Former Cobb County District Attorney Joyette Holmes was one of several prosecutors tasked with seeking justice in the death of Ahmaud Arbery after months-long delays in charging his alleged killers. The case against Travis McMichael, the man who shot Arbery, McMichael’s father and former prosecutorial investigator Gregory McMichael, and area resident William “Roddie” Bryan, who filmed parts of the deadly encounter, has been mired in allegations of prosecutorial misconduct. In one example, former Glynn County District Attorney Jackie Johnson was indicted on counts of obstruction and violating her oath of office. Holmes, the first Black woman to serve as Cobb County’s district attorney, was essentially tasked with cleaning up the mess of a prosecution, but she was ultimately unseated last November by current District Attorney Flynn Brody Jr. She told WABE radio station in an interview that aired Monday she has “great confidence in our judicial system and even more with respect to this case.”
That makes one of us.
Arbery, a 25-year-old Black man, was unarmed when he was accused of trespassing on the property of a South Georgia home, then hunted down and fatally shot on Feb. 23, 2020. It took 74 days after Arbery’s death for charges to be filed against the McMichaels. They were only arrested when the case picked up national attention from the press, which Holmes addressed in her interview. “My appointment was the fourth appointment of a prosecutor in a case. I think that was a pretty unique scenario and certainly required a lot of trust building,” she said, “because any trust that there may have been at the beginning of the process was lost over the first couple of months.”
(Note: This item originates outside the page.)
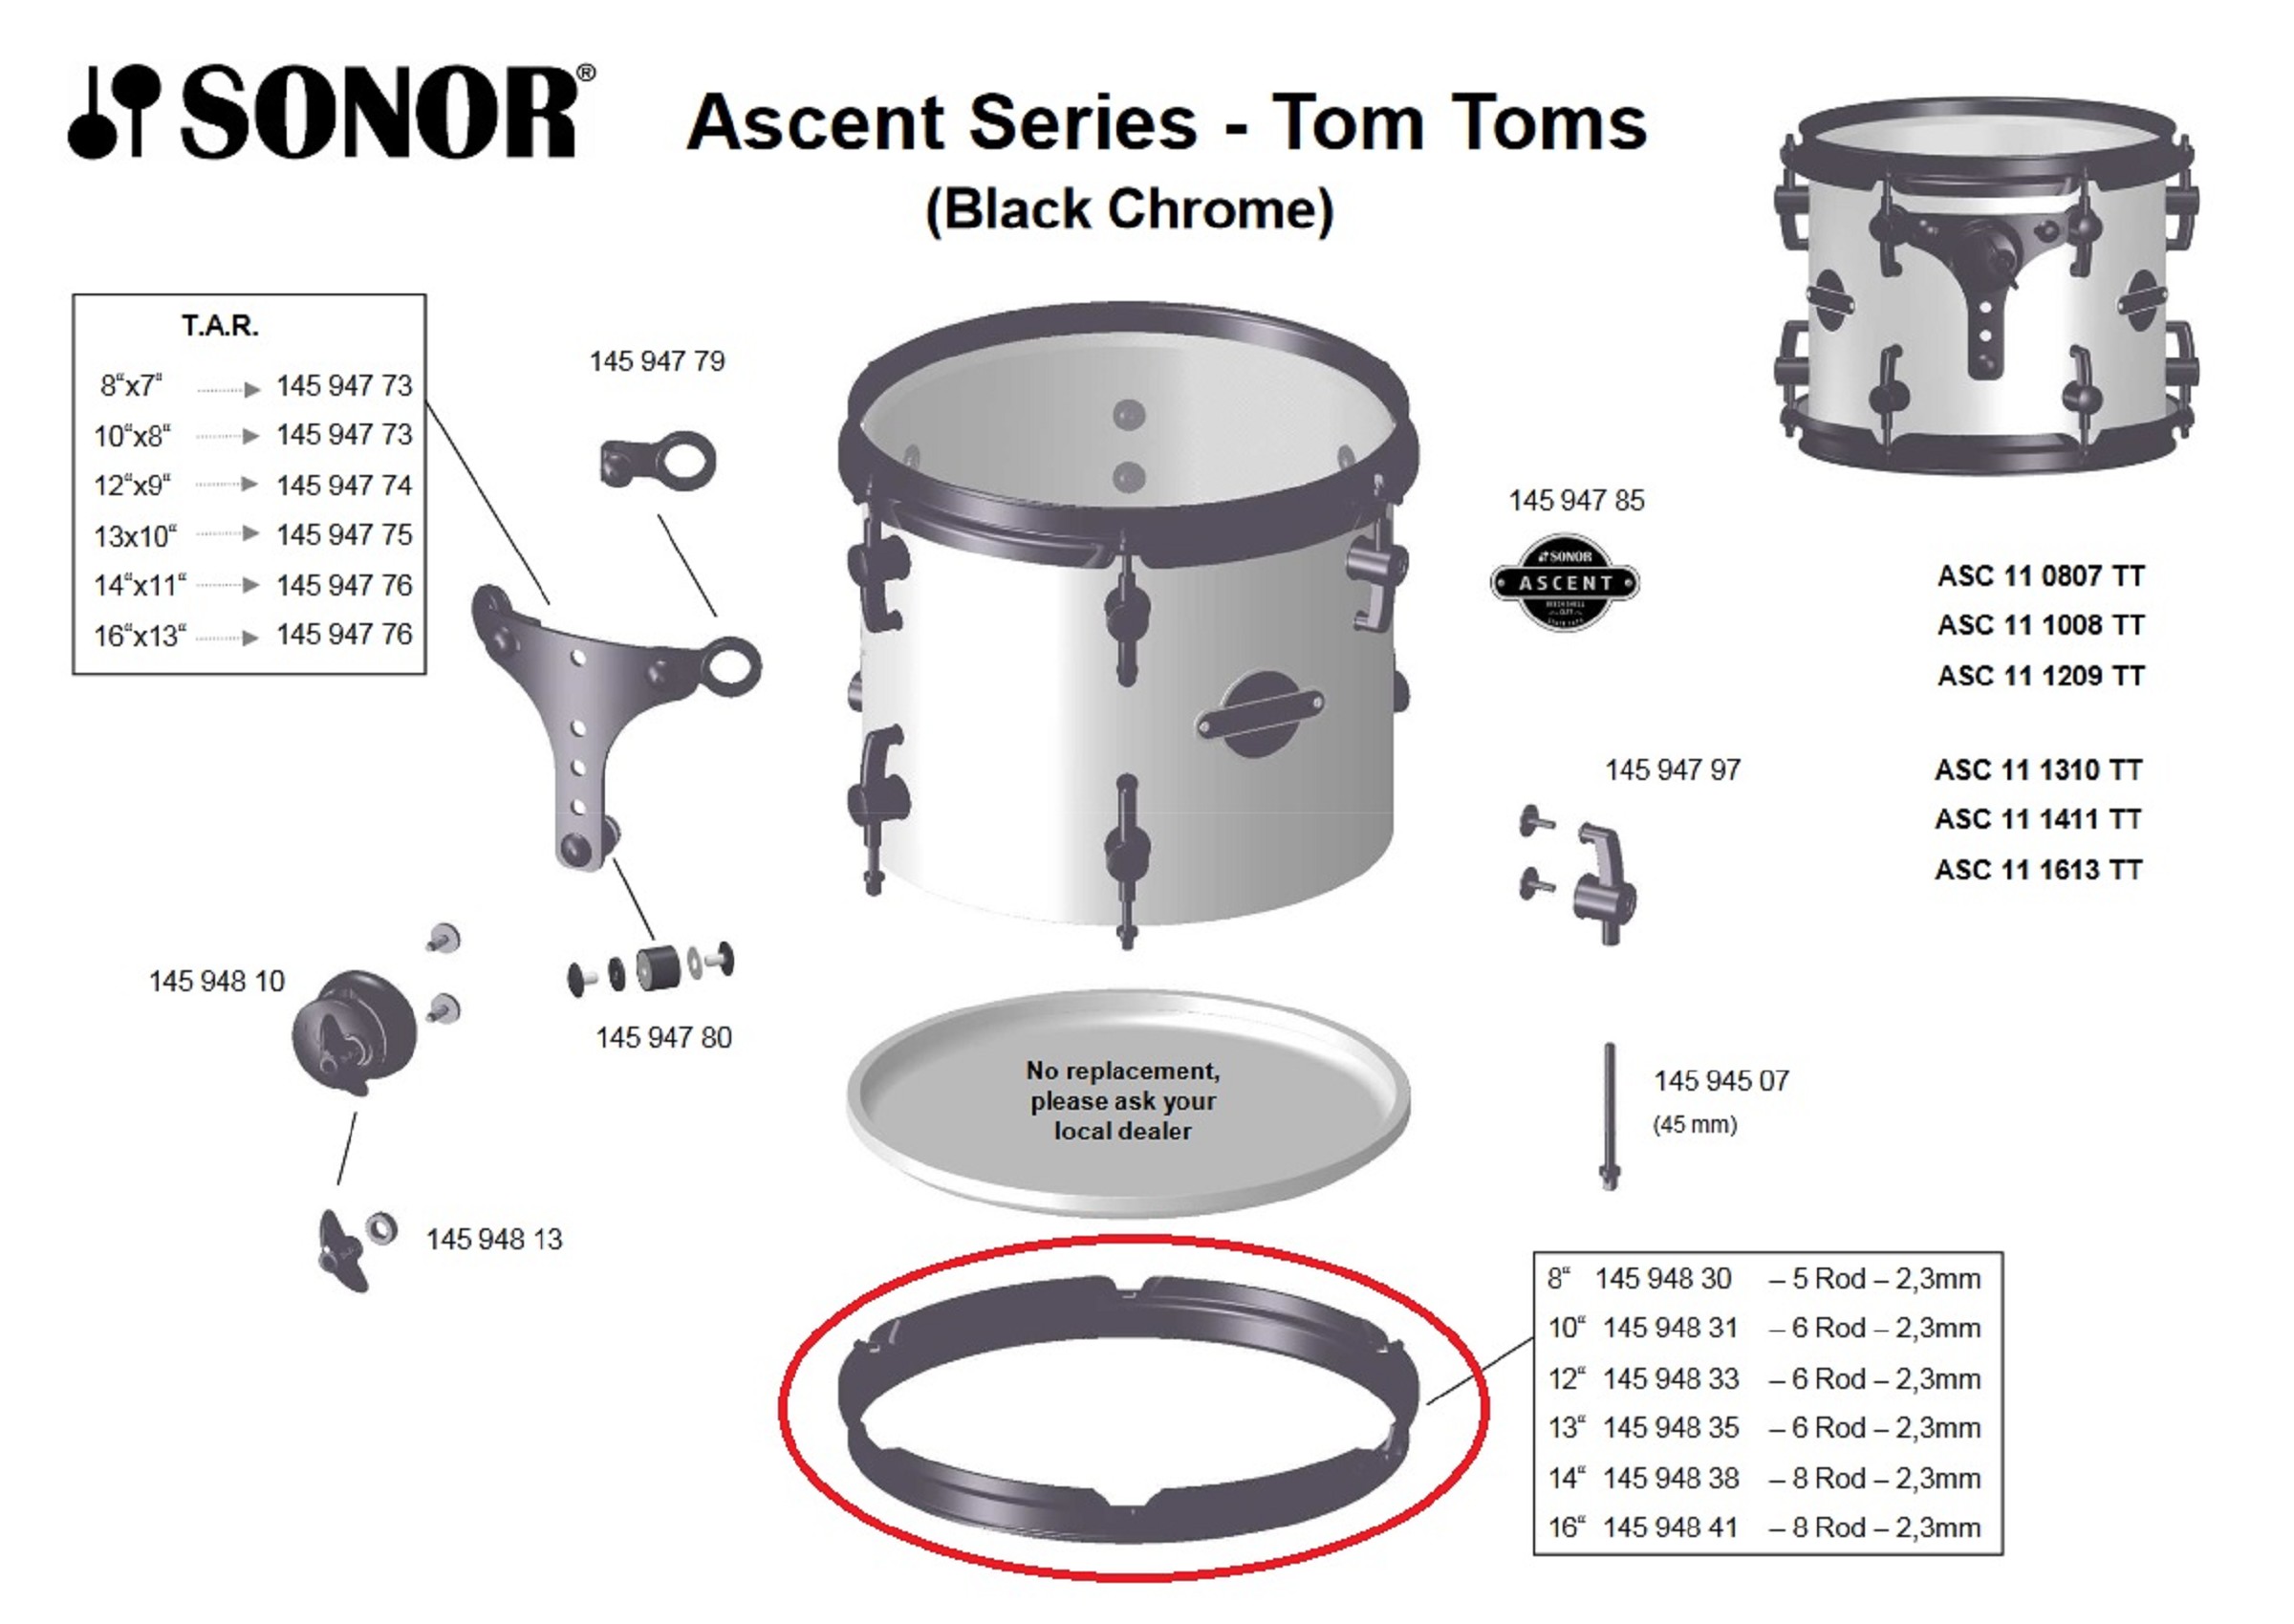 Sonor Parts Spannreifen 8" 5loch 2,3mm black chrom power hoop (ASC)
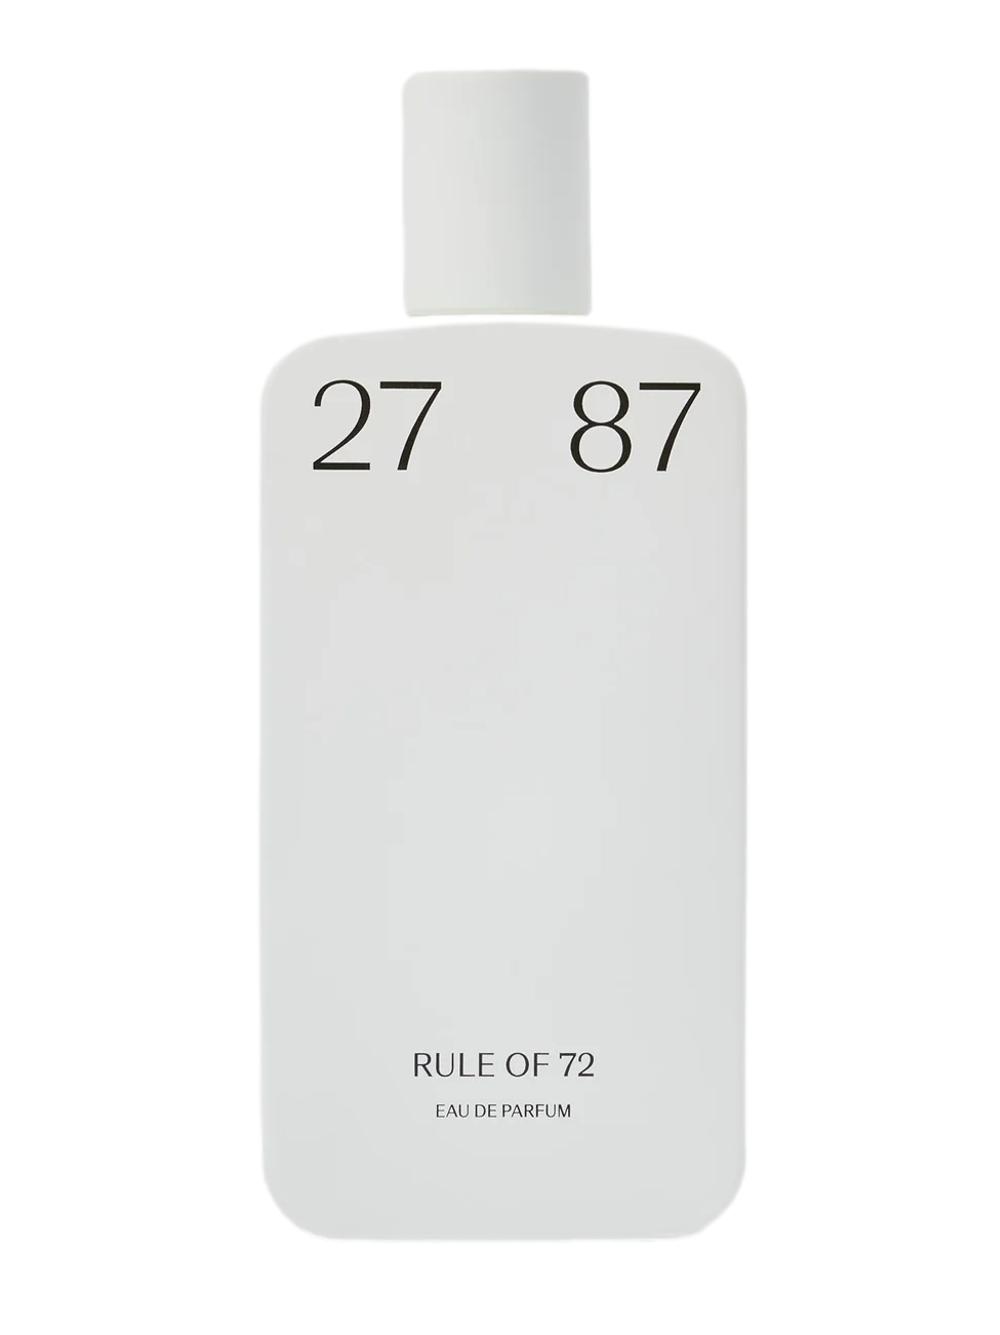 rule of 72, 87 ml EdP

Johnson, the applicable prosecutor at the time, recused herself from the case because Gregory McMichael used to work as an investigator in her office, but she also involved Waycross Judicial Circuit District Attorney George Barnhill to act in her stead. His son worked in the same office. Barnhill wrote in his eventual recusal letter that the Arbery family “are not strangers to the local criminal justice system,” according to The Atlanta Journal-Constitution. “From best we can tell, Ahmauds [sic] older brother has gone to prison in the past and is currently in the Glynn jail, without bond, awaiting new felony prosecution,” Barnhill added. “It also appears a cousin has been prosecuted by DA Johnson’s office.” Barnhill reportedly told the Glynn County Police Department on Feb. 24 that “he did not see grounds for the arrest of any of the individuals involved in Mr. Arbery’s death.”
Without even knowing about those specifics, Arbery’s mother Wanda Cooper initiated the push for Barnhill’s recusal, said attorney Lee Merritt, who’s on the Arbery family legal team. Merritt said during a virtual press conference that Johnson played a “direct role” in “instructing law enforcement not to make the arrest of the men responsible for Ahmaud’s murder,” and in coordinating with other prosecutors in the region to ensure Arbery’s family was denied answers.
When Holmes was asked whether she thought Bryan and the McMichaels could get a fair trial in Georgia, she said she knows the hard work the Cobb County District Attorney’s Office has put into the case and she has faith that team will “do the right thing,” ultimately leading to “a result of guilty for all three defendants.”
The murder trial against Bryan, Travis McMichael, and Gregory McMichael, who also face federal hate crime and attempted kidnapping charges, is set to begin on Oct. 18, according to The Atlanta Journal-Constitution.